# Data Integrity

Data discipline for writes, retries, and caches that must not lie.

## Rules

1. **Idempotency keys on every mutating retry.** Payments, order creation, webhooks — if the client or network can retry, the server must deduplicate. Double-charging is not an edge case, it's a certainty.

2. **Caches invalidate with a plan.** Every cache entry has a TTL or an explicit invalidation trigger. "We'll flush it eventually" means you'll serve stale data eventually.

3. **Consistency at boundaries.** Inside a transaction, be consistent. Across services, be explicit about eventual consistency and design for it. Don't pretend distributed systems are atomic.

4. **Retries need backoff and limits.** Exponential backoff, jitter, max attempts. Infinite retries on a failing downstream turn an outage into a traffic amplification attack on yourself.

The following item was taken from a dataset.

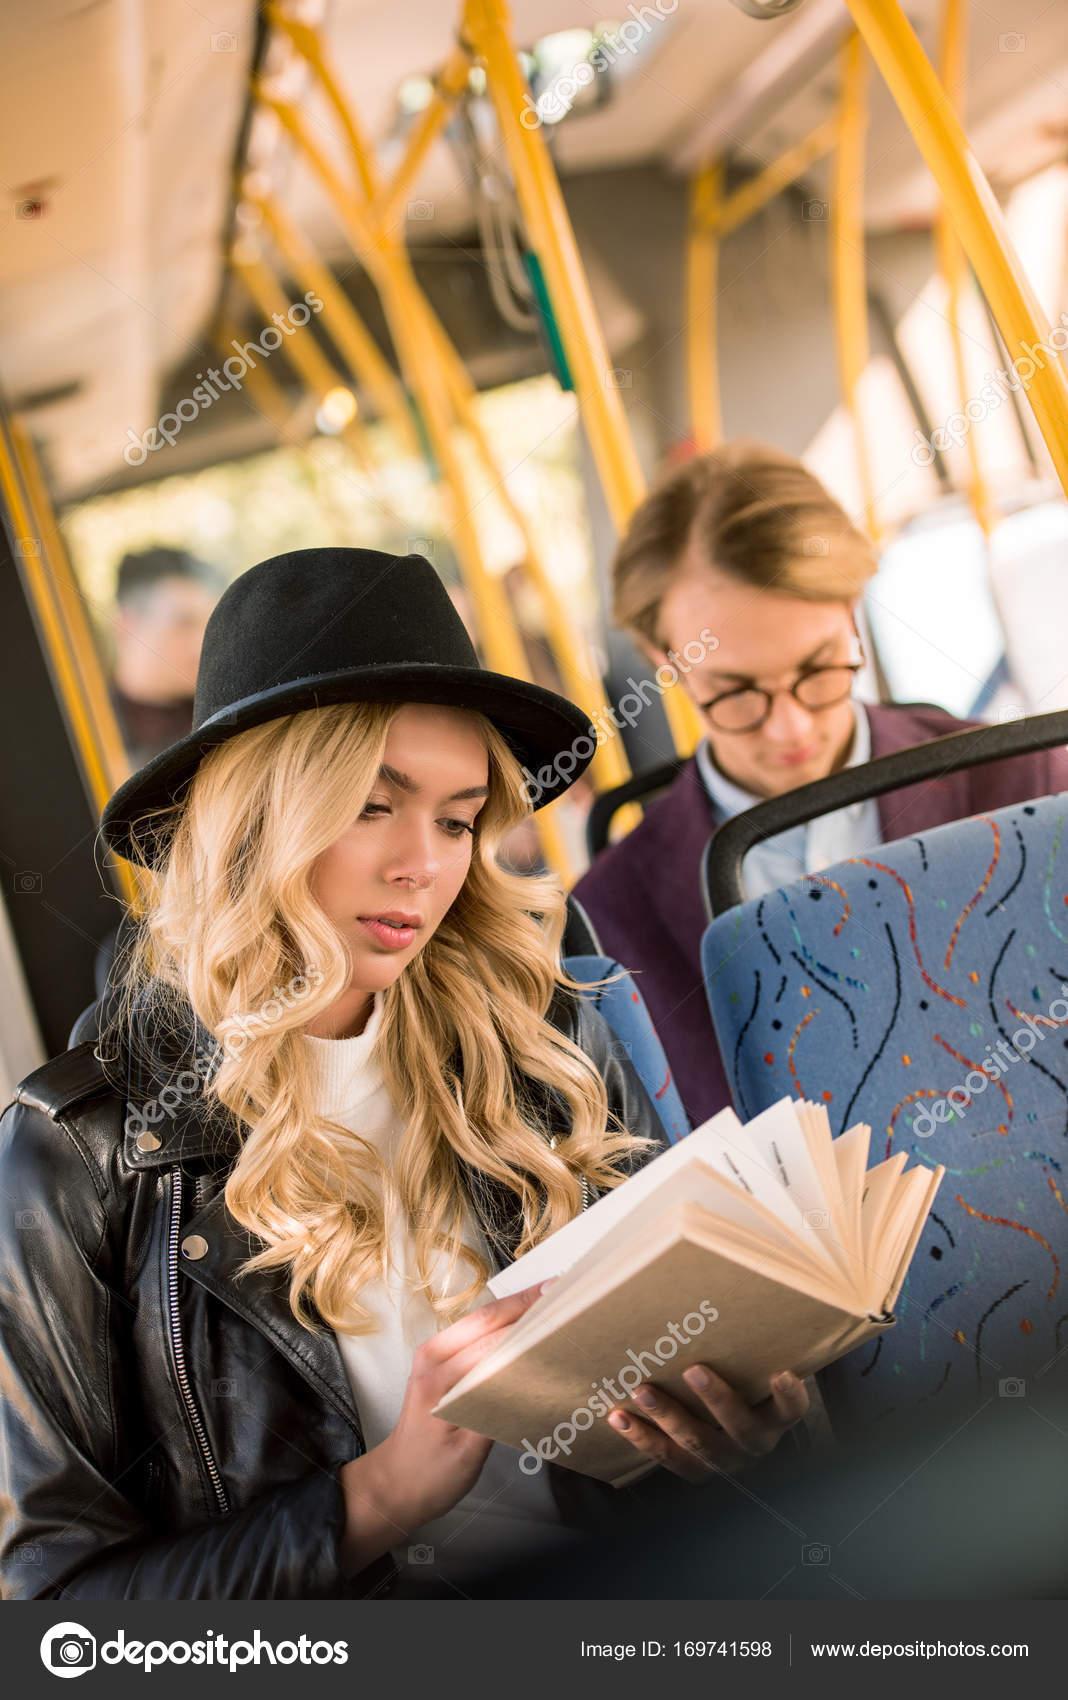 Домашка порно фотка в автобусе с блондинкой

5. **Validate at the write boundary.** Data shape, ranges, referential integrity — check before persisting. Fixing corrupt data after the fact is expensive; preventing it is cheap.

6. **Deletion is a data operation.** Soft deletes, retention policies, cascade rules — know what disappears and what orphans when something is removed.

## What This Replaces

Retry logic that double-writes, caches that serve lies, and distributed operations that assume single-database semantics.